Segment Open

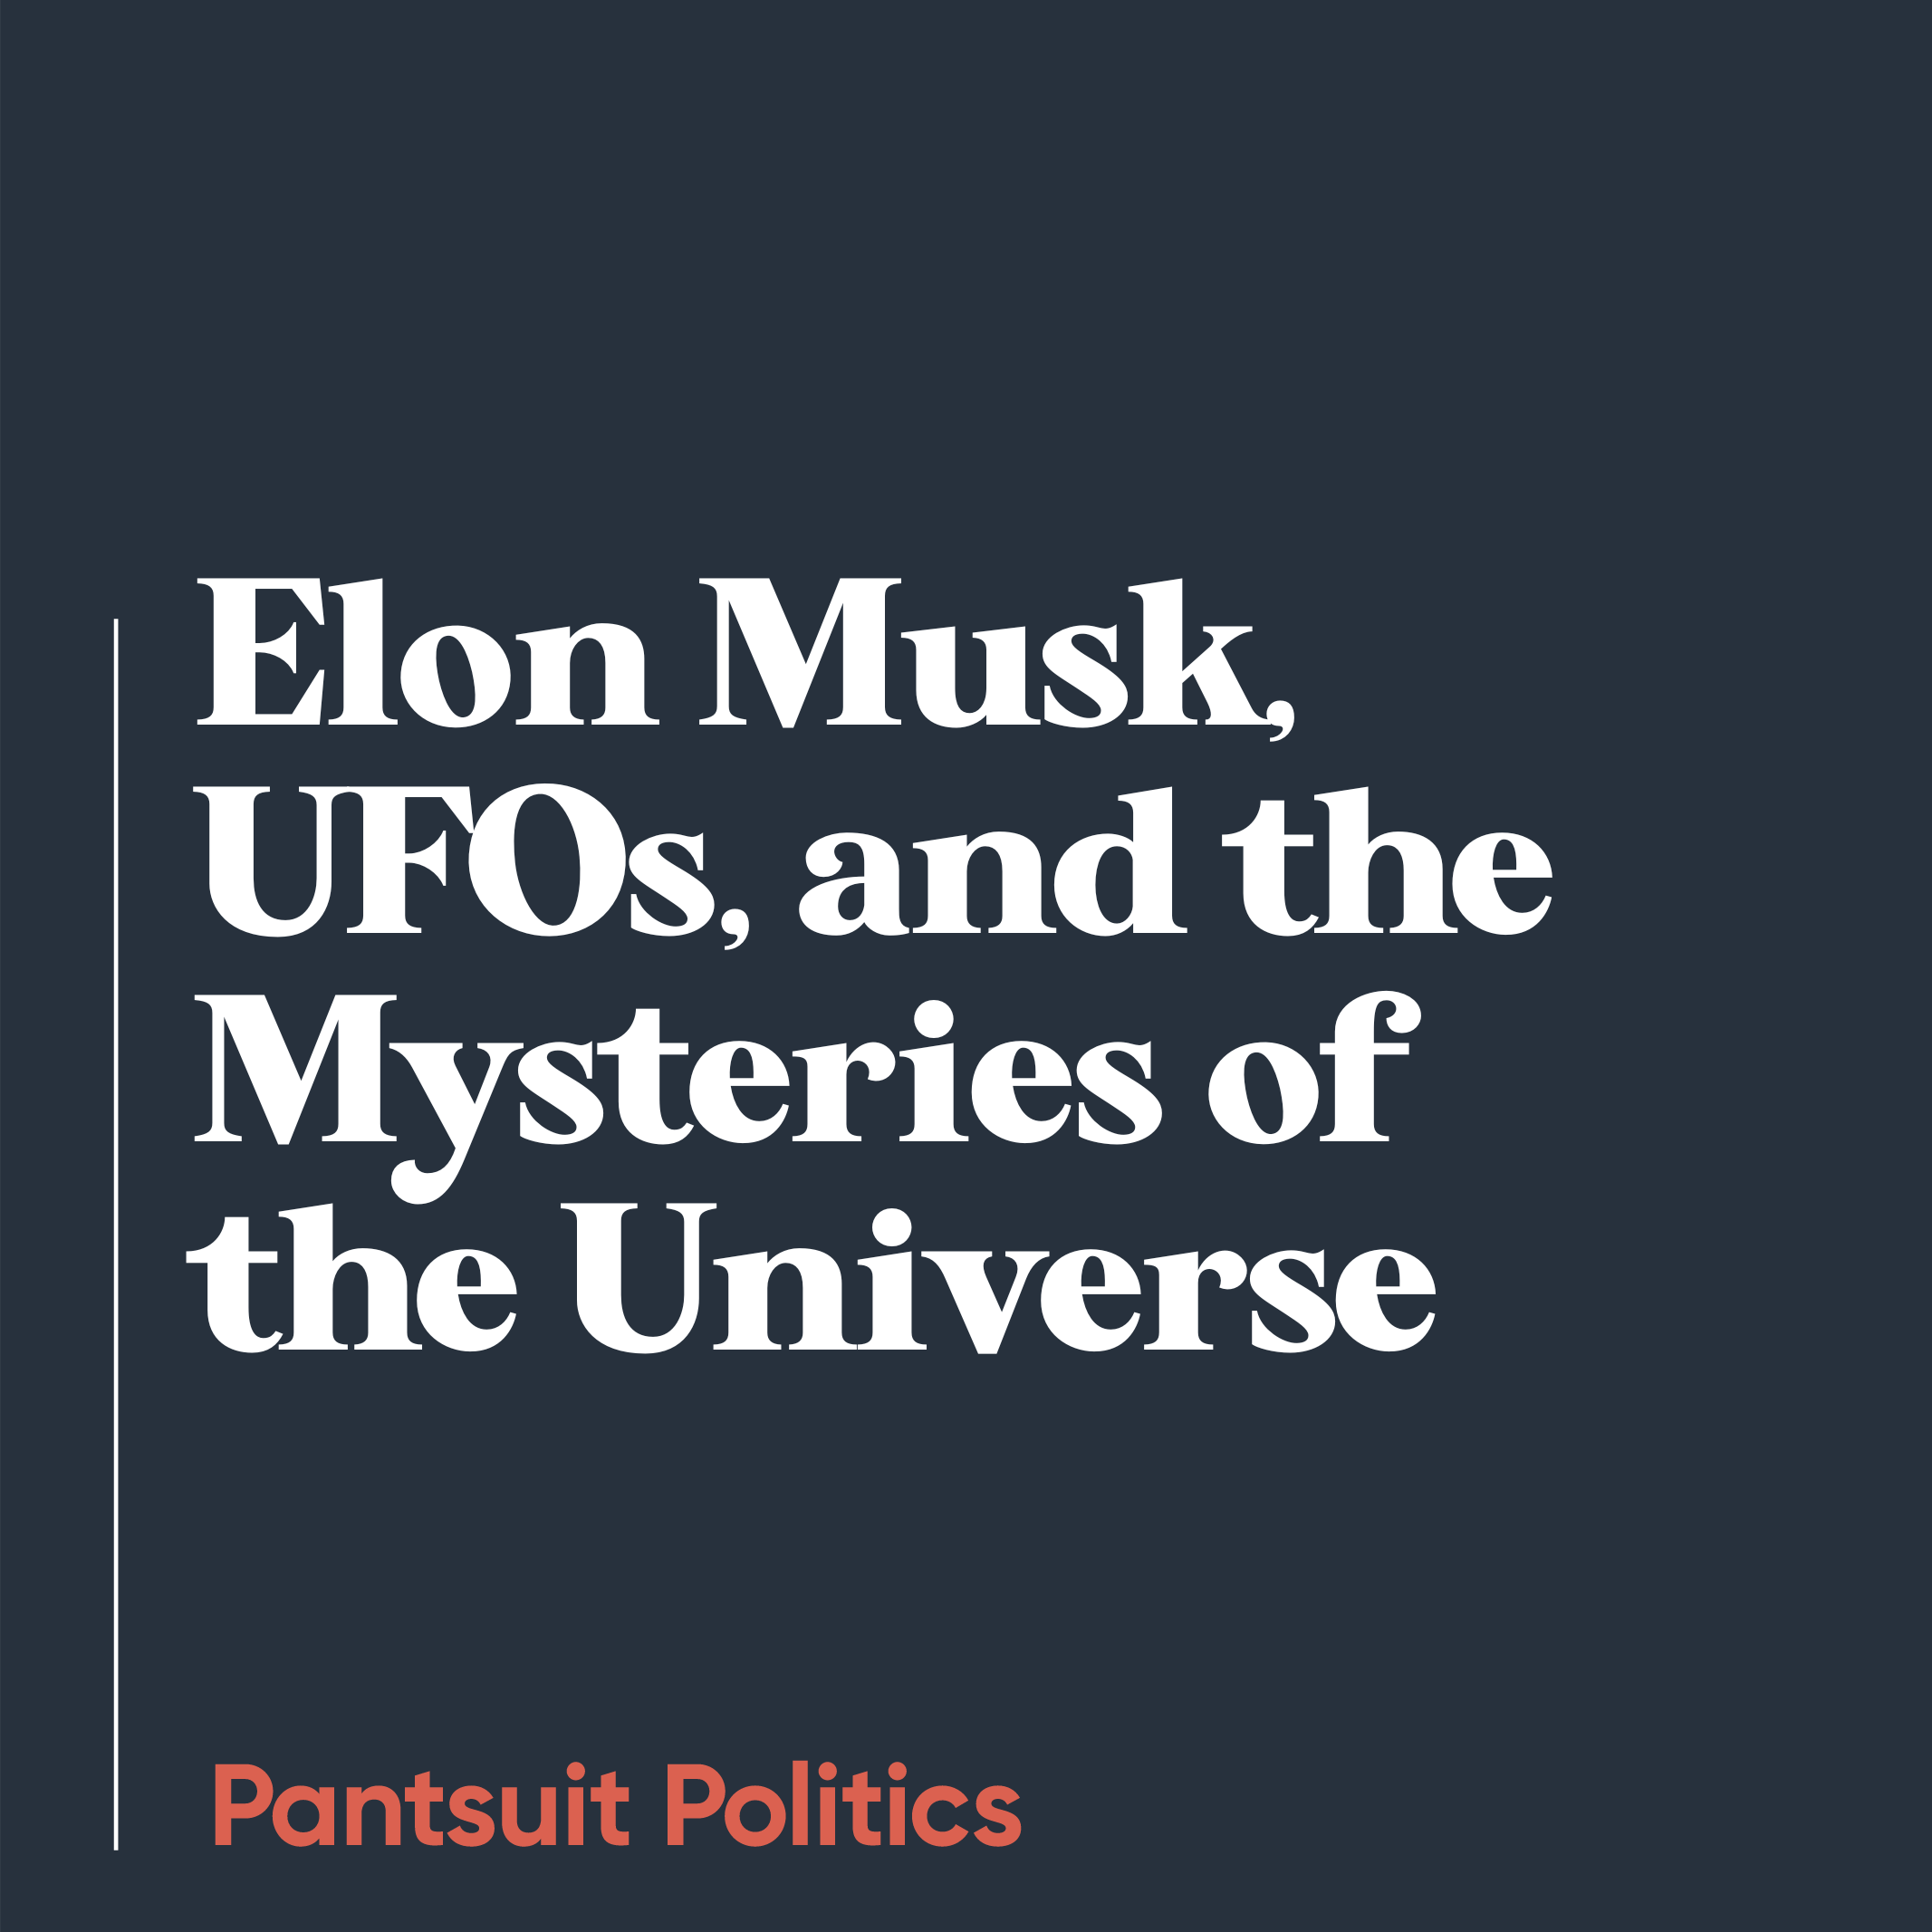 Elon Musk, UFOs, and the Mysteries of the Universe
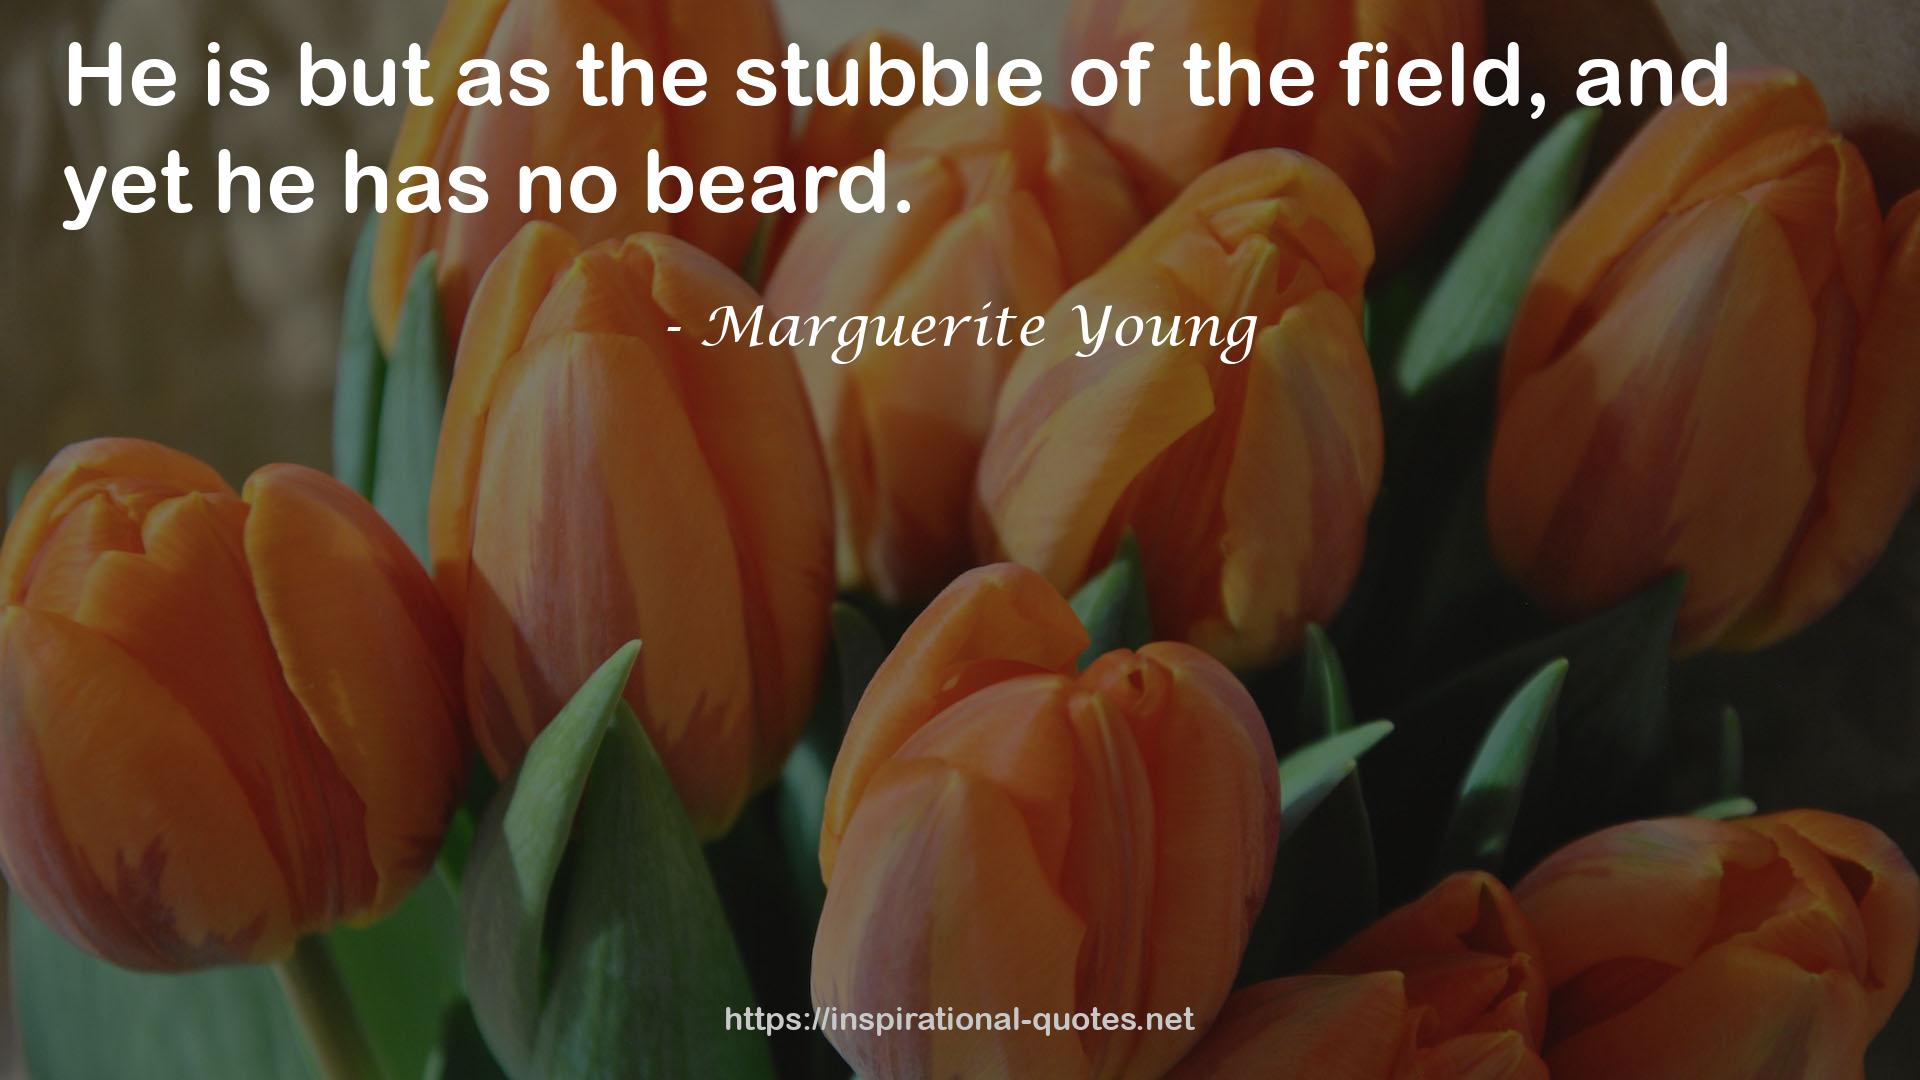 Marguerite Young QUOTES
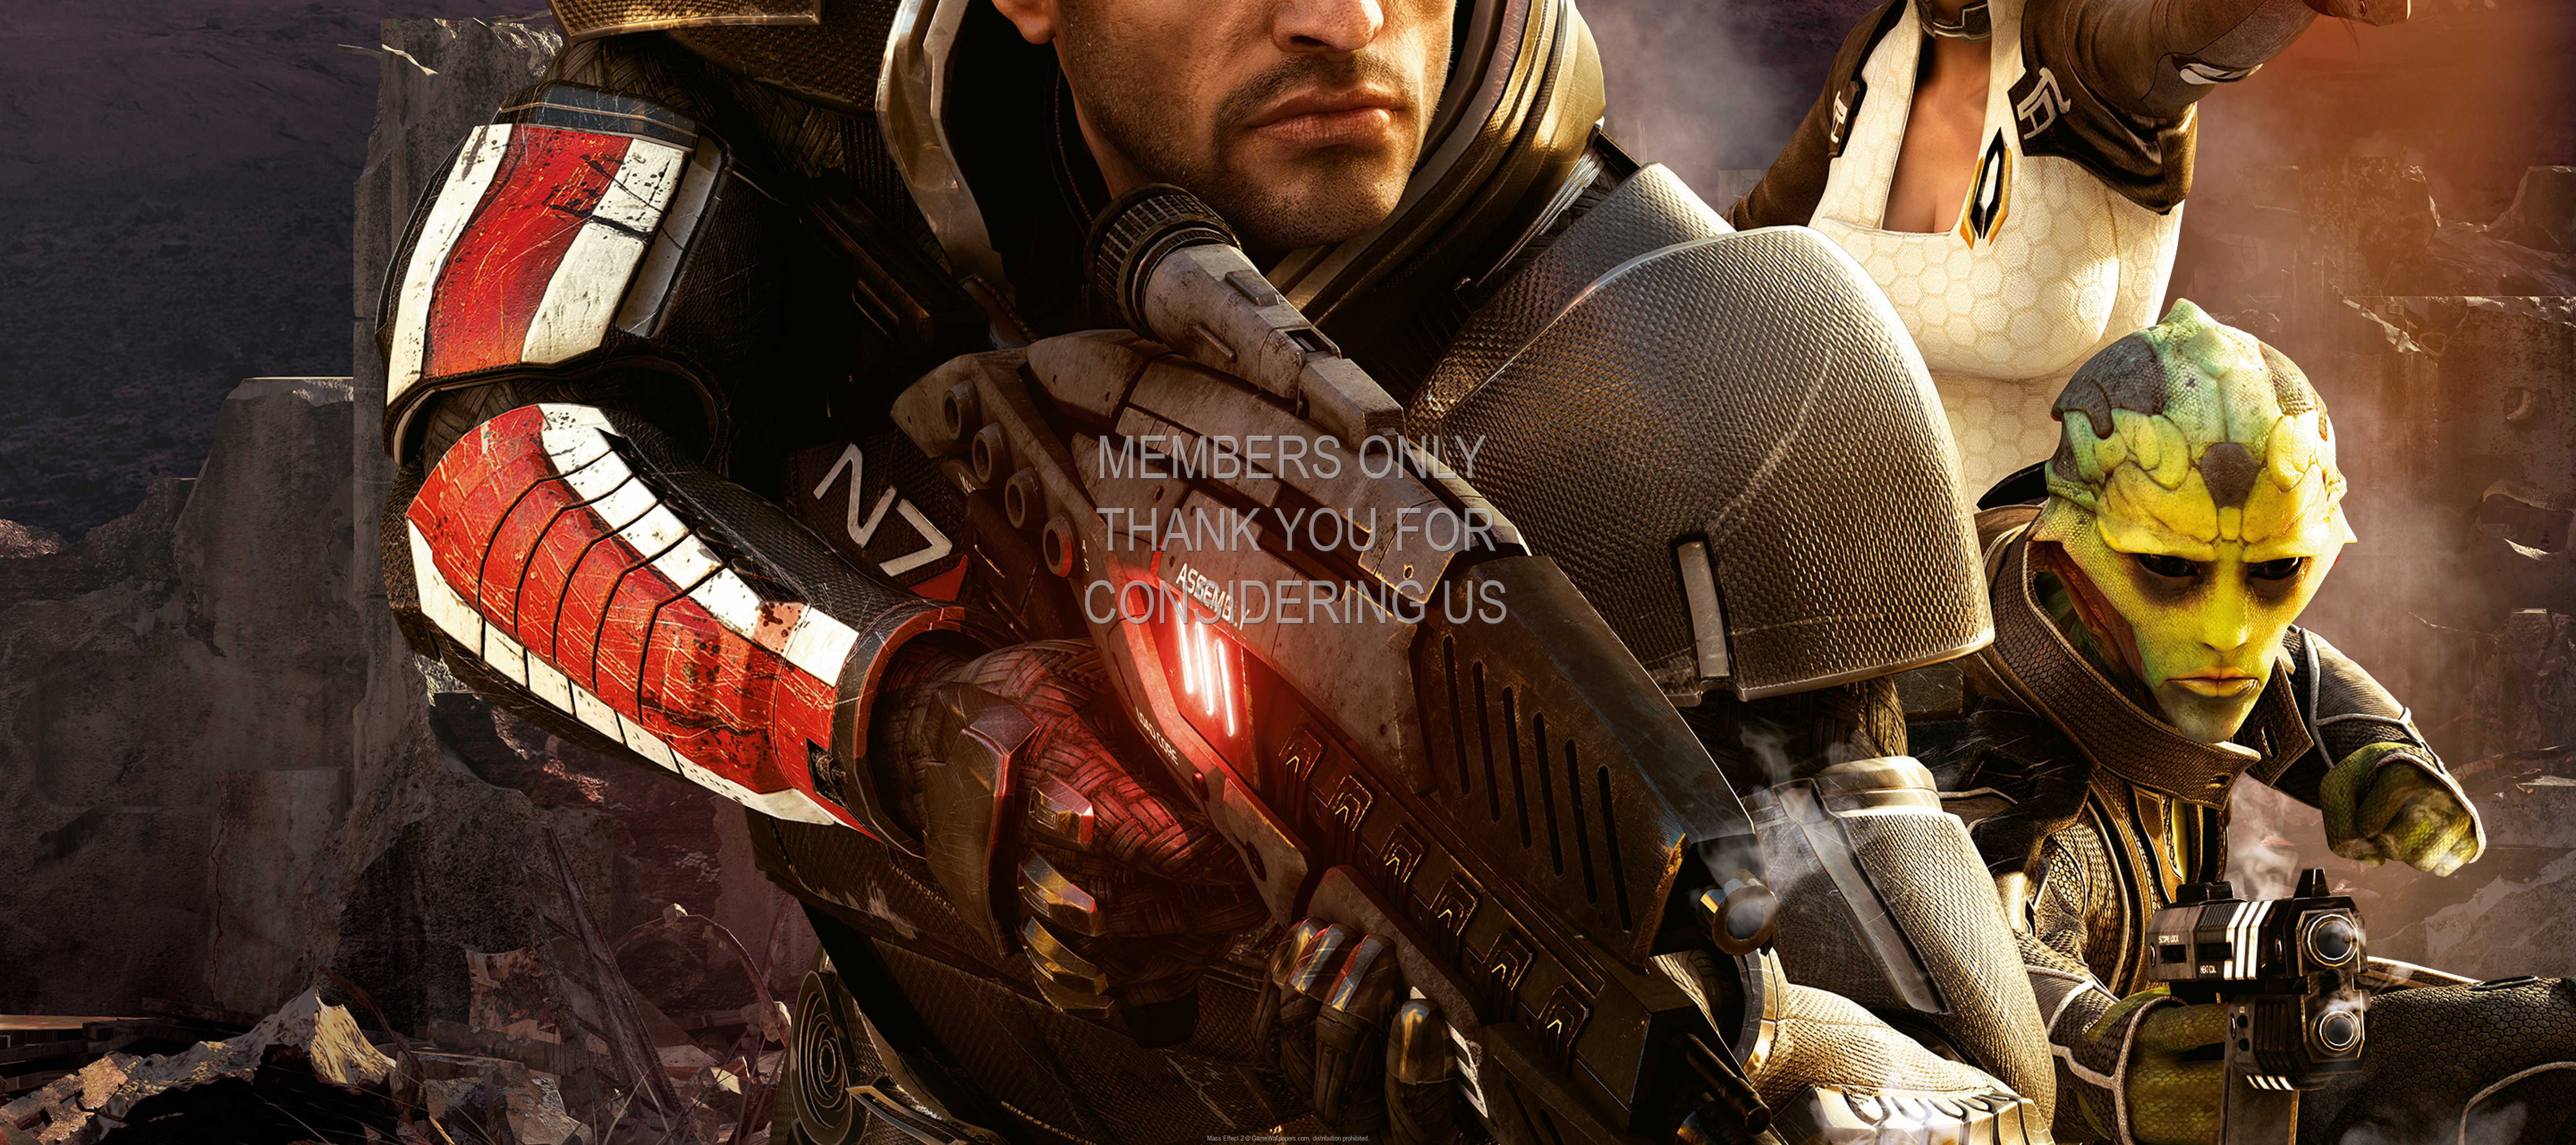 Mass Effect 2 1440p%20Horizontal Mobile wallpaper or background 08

Segment Closed

> _EXERCISE AIM_
Should there be pictures in the data, leave them out and return the rest exactly.

> _ANSWER SPACE_
 Elon Musk, UFOs, and the Mysteries of the Universe
 Marguerite Young QUOTES
 Mass Effect 2 1440p%20Horizontal Mobile wallpaper or background 08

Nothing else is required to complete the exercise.